The Rapidian

Blue Bridge Games Brings Tabletop Gaming to Uptown

First-time entrepreneurs and long-time gamers Ken and Margaret Kleist opened Blue Bridge Games in early February. Located on Fulton street in the Uptown neighborhood, the store welcomes players of all ages and skill levels to experience the fun of tabletop gaming.

/Nathan Slauer

Tabletop games are having a moment. The board game industry surges with record sales as players from around the world flock to tabletop games as a fun and interactive alternative to digital entertainment.

Tapping into this interest are first-time entrepreneurs and experienced gamers, Margaret and Ken Kleist. The couple decided to turn their favorite pastime into a business with products for all ages and skill levels and a friendly, neighborhood atmosphere.

Located at 954 Fulton St East in Uptown, Blue Bridge Games opened its doors in early February. The store welcomes newcomers and diehard gaming enthusiasts alike to play together as part of the tabletop gaming community.

“A local game store is a not a new idea, but it was new to [the Uptown neighborhood in] Grand Rapids,” said Margaret Kleist. “A big part of the appeal of Blue Bridge Games was trying to create a space where we can curate an environment for other hobbyists.”

The spacious interior of Blue Bridge Games features an expansive inventory. Displays of new titles fill the front, a playspace with long tables stretches out in the back, and shelves packed with games line the walls.

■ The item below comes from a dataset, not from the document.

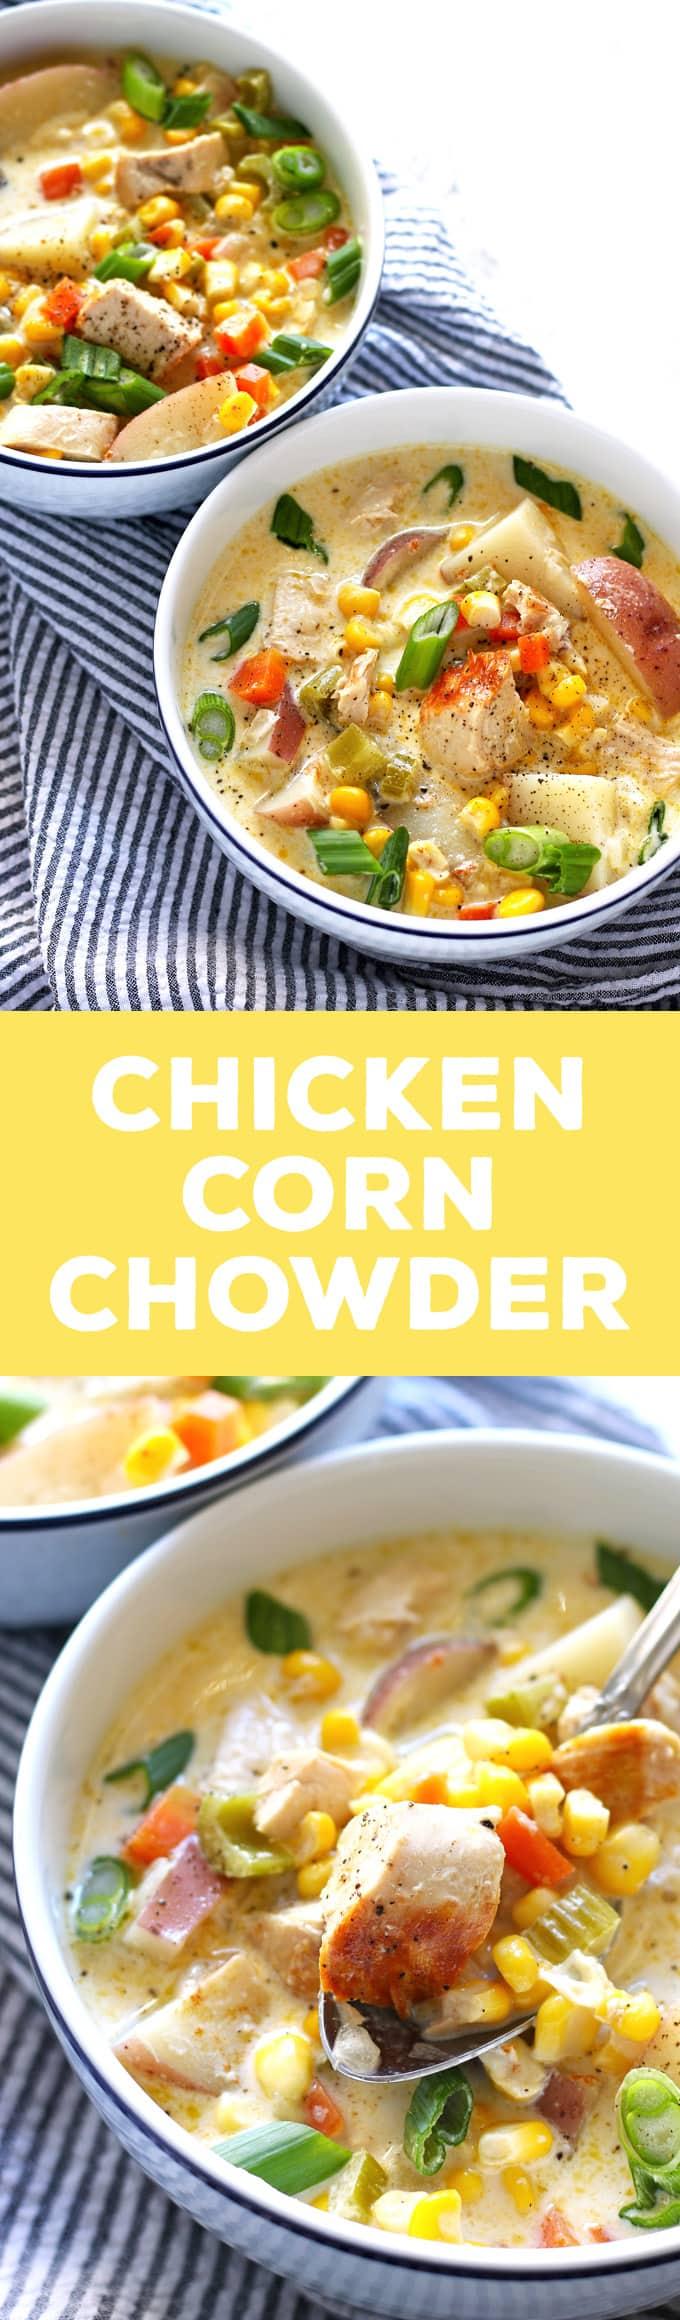 chicken corn chowder pin

While the store offers classics like Clue and Candyland, the Kleists encourage new gamers to expand their horizons and try more recent games. Fond memories of lazy afternoons playing old favorites like Monopoly with their families stick with the Kleists. However, they appreciate how complex games have become since their childhood.

“I remember slogging through games like Life,” said Margaret Kleist. “Nothing happens when it’s not my turn. It’s often clear who’s going to win from the first few minutes.”

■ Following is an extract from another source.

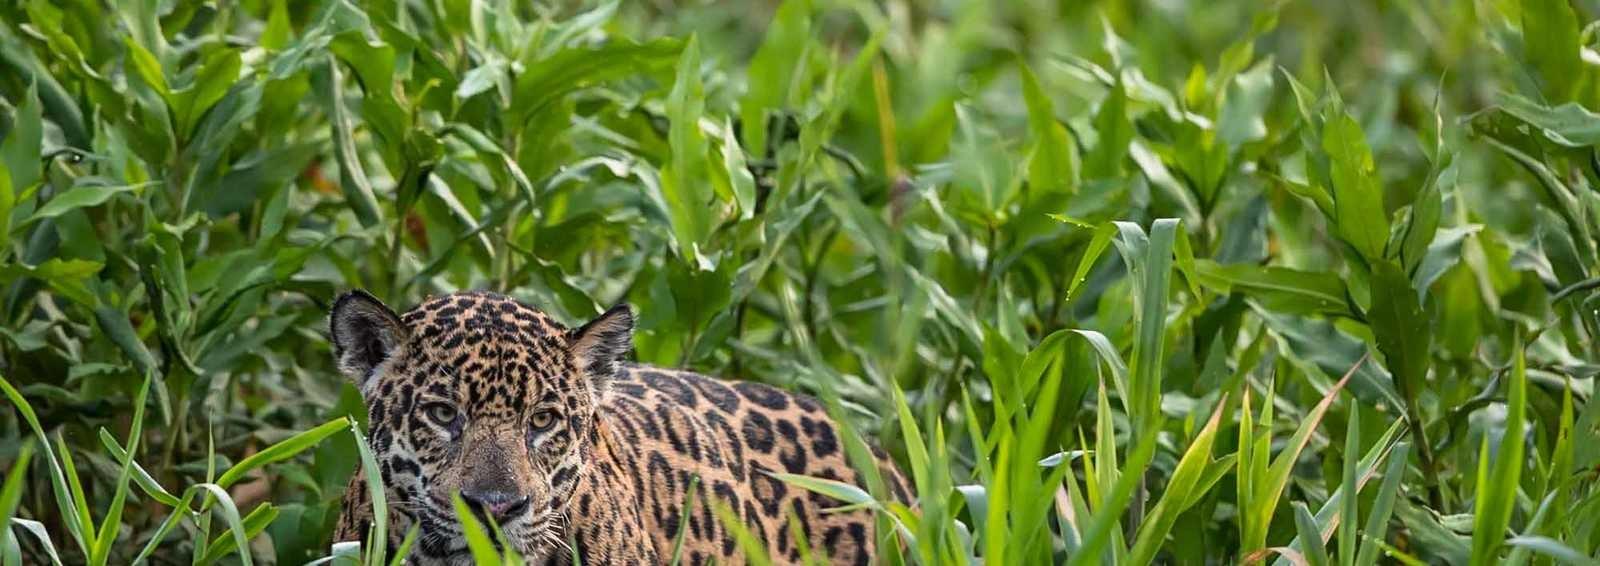 Jaguar in the Pantanal, Brazil (Image by Paul Goldstein)

Ken Kleist vividly recalls discovering Settlers of Catan as a student at Michigan State University and realizing how complicated games could be.

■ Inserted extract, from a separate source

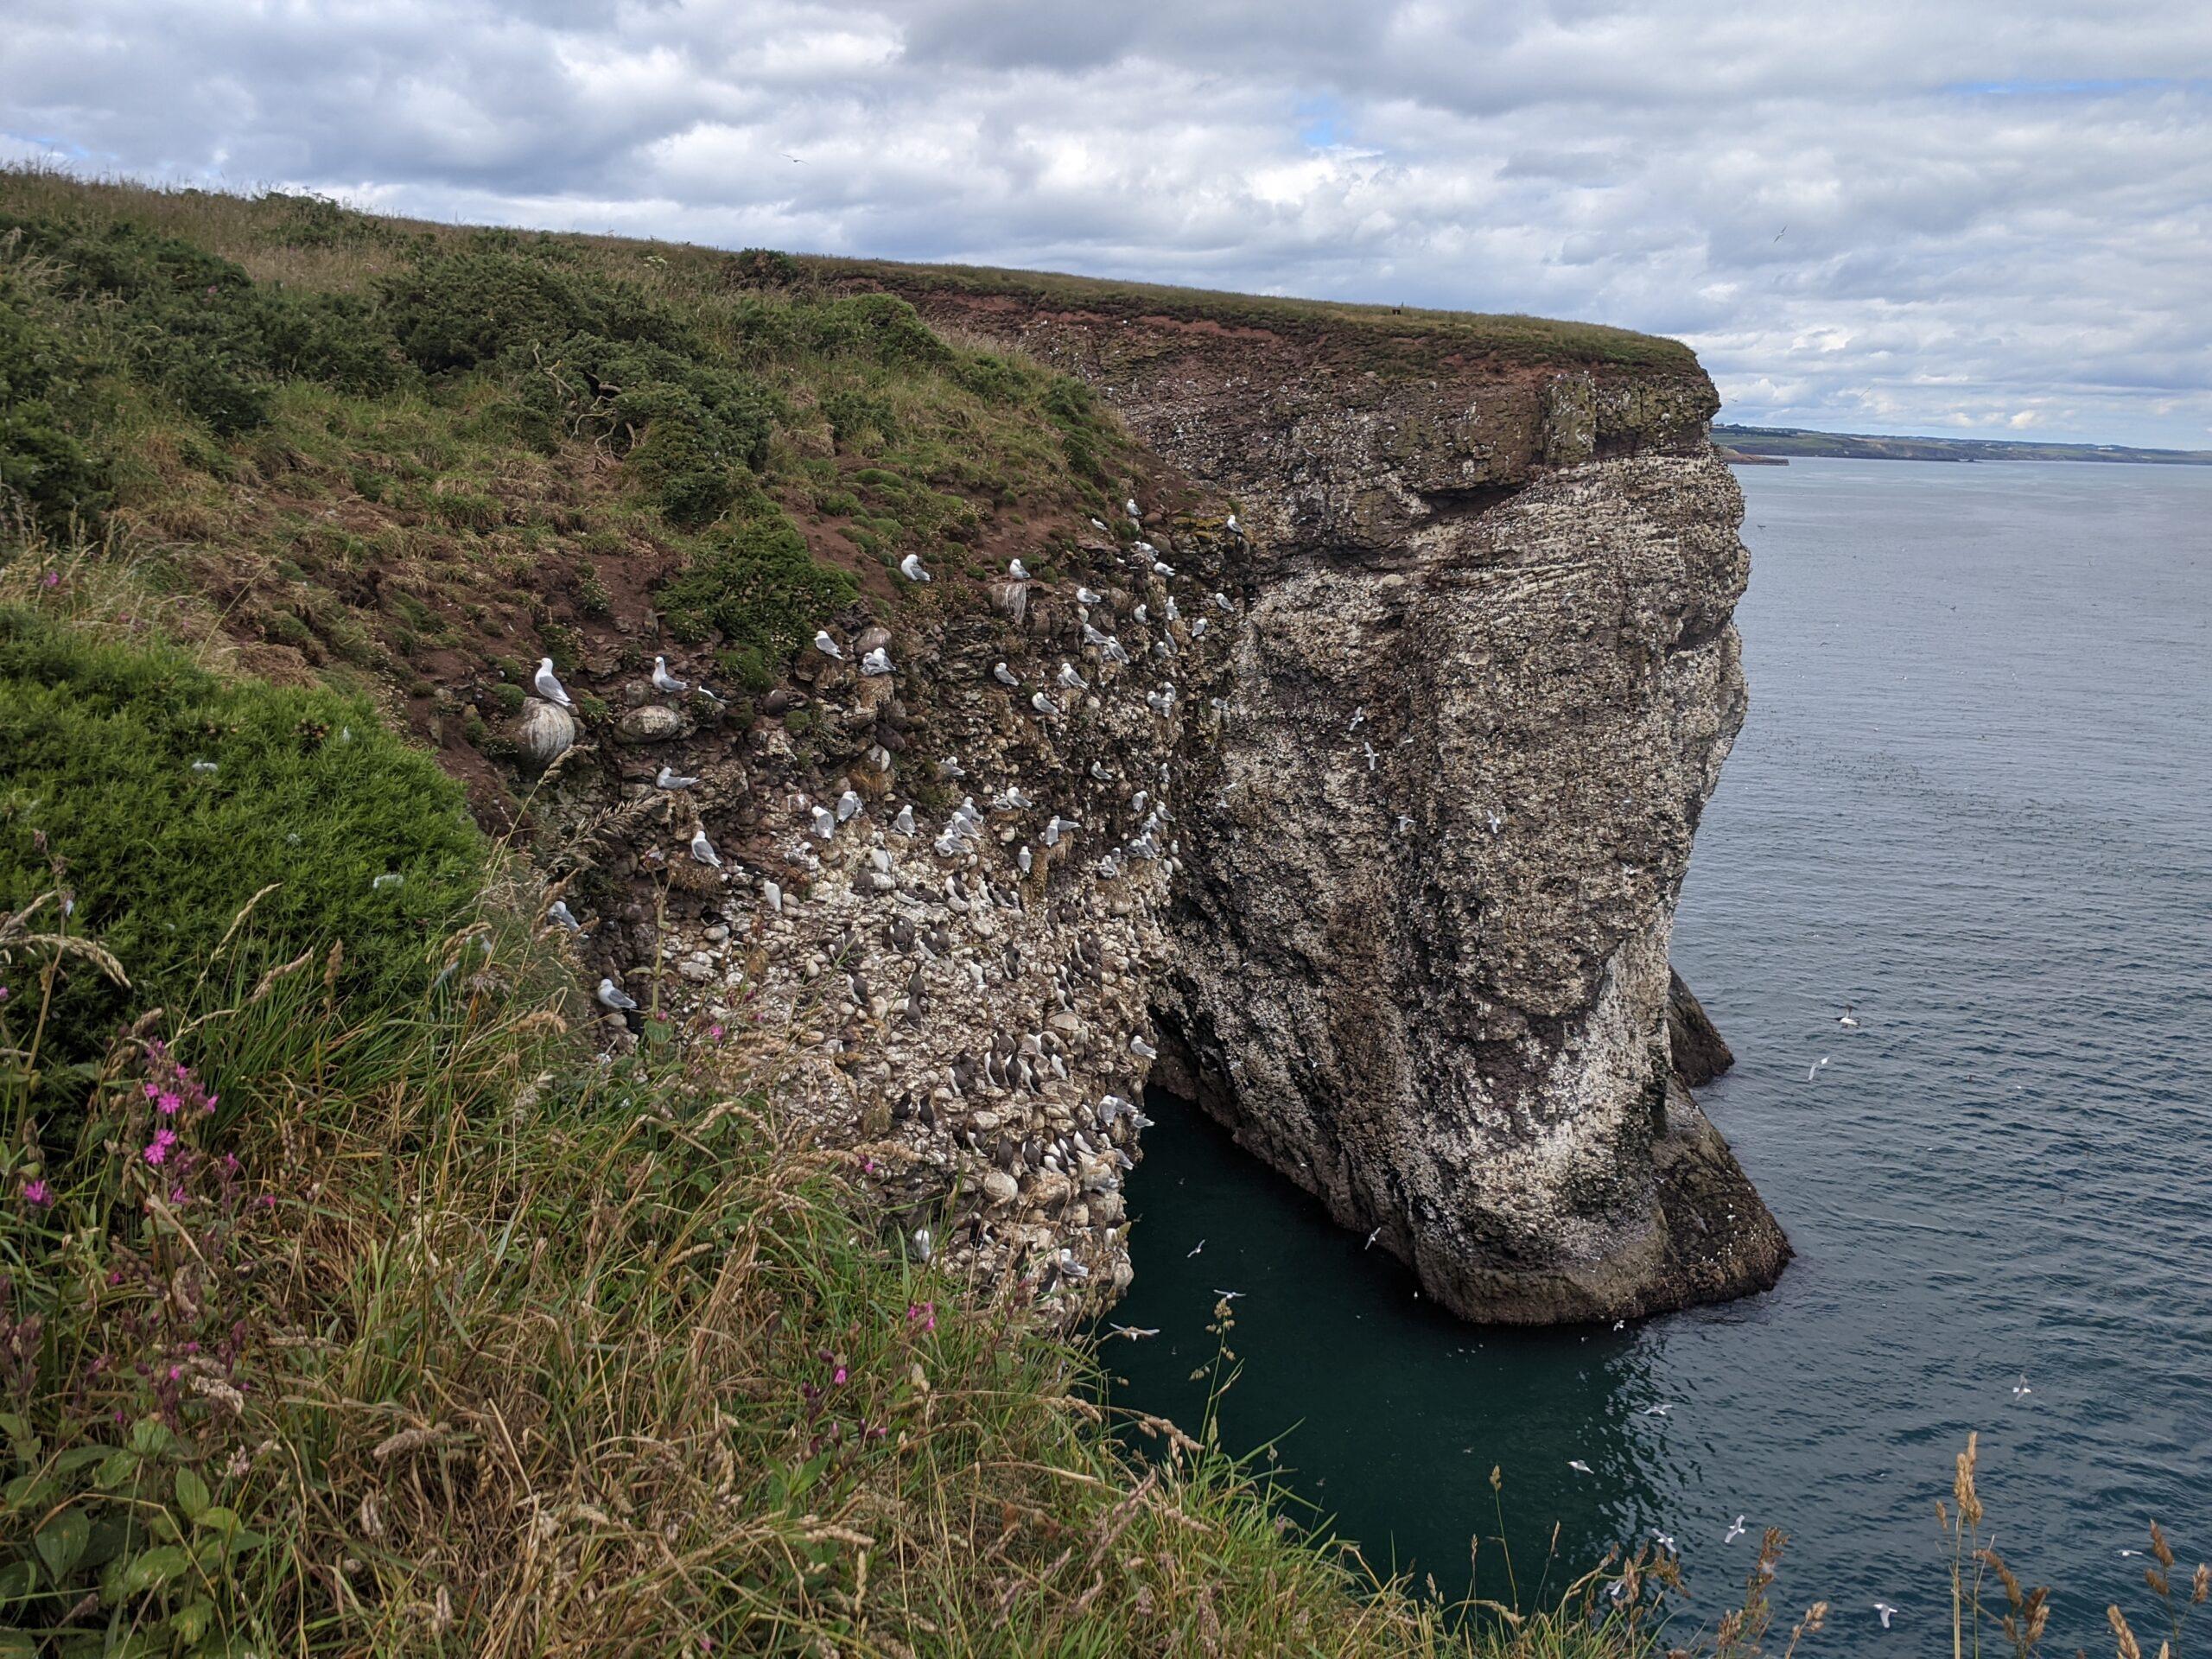 Cliffs near Stonehaven

“[In Settlers] everybody stays in the game until the end,” said Ken Kleist. “When it’s not your turn, you’re trading with people and collecting resources. There’s something to keep you engaged even when it’s not your turn.”

“It was the first game where I was like ‘wow! This is really, really good.’ From that point on, it was a gateway to new games.”

Recent gaming trends radically alter the standard dynamic of two to four players competing against one another on a simple board. Legacy games use boards that permanently change over the course of each play session, while cooperative games involve players teaming up against the board itself to prevent the spread of contagious diseases or defeat cosmic monsters. These innovations allow large groups to develop collective narratives that can be returned to upon each replay.

For those looking to check out new games without a commitment, Blue Bridge Games offers a game rental library. For a small fee, visitors can rent one of over 100 titles and try it out in the playspace. Store memberships permit overnight rentals, so players can borrow games to play at home, parties, or happy hours.

Store events include walkthroughs of new games and a regular night of light, party games at City Built Brewing Company.

Blue Bridge Games aims to lower the barrier to entry for new gamers. Game stores often develop cliquey cultures with players acting as gatekeepers and intentionally playing games with steep learning curves.

“We really want to create a welcoming environment, where everybody can ask questions about games without fear of being judged for how cool or nerdy that game is,” said Margaret Kleist. “A judgement-free zone.”

The effort to launch Blue Bridge Games started in January 2018. Original plans went up in smoke when the first building caught fire, delaying a scheduled grand opening during the holiday season.

Setbacks did not discourage the Kleists, who felt eager to secure a venue in a thriving business district bustling with active, curious residents. Their dream of starting an exciting new board game store was just beginning.

“It’s been a labor of love,” said Margaret Kleist.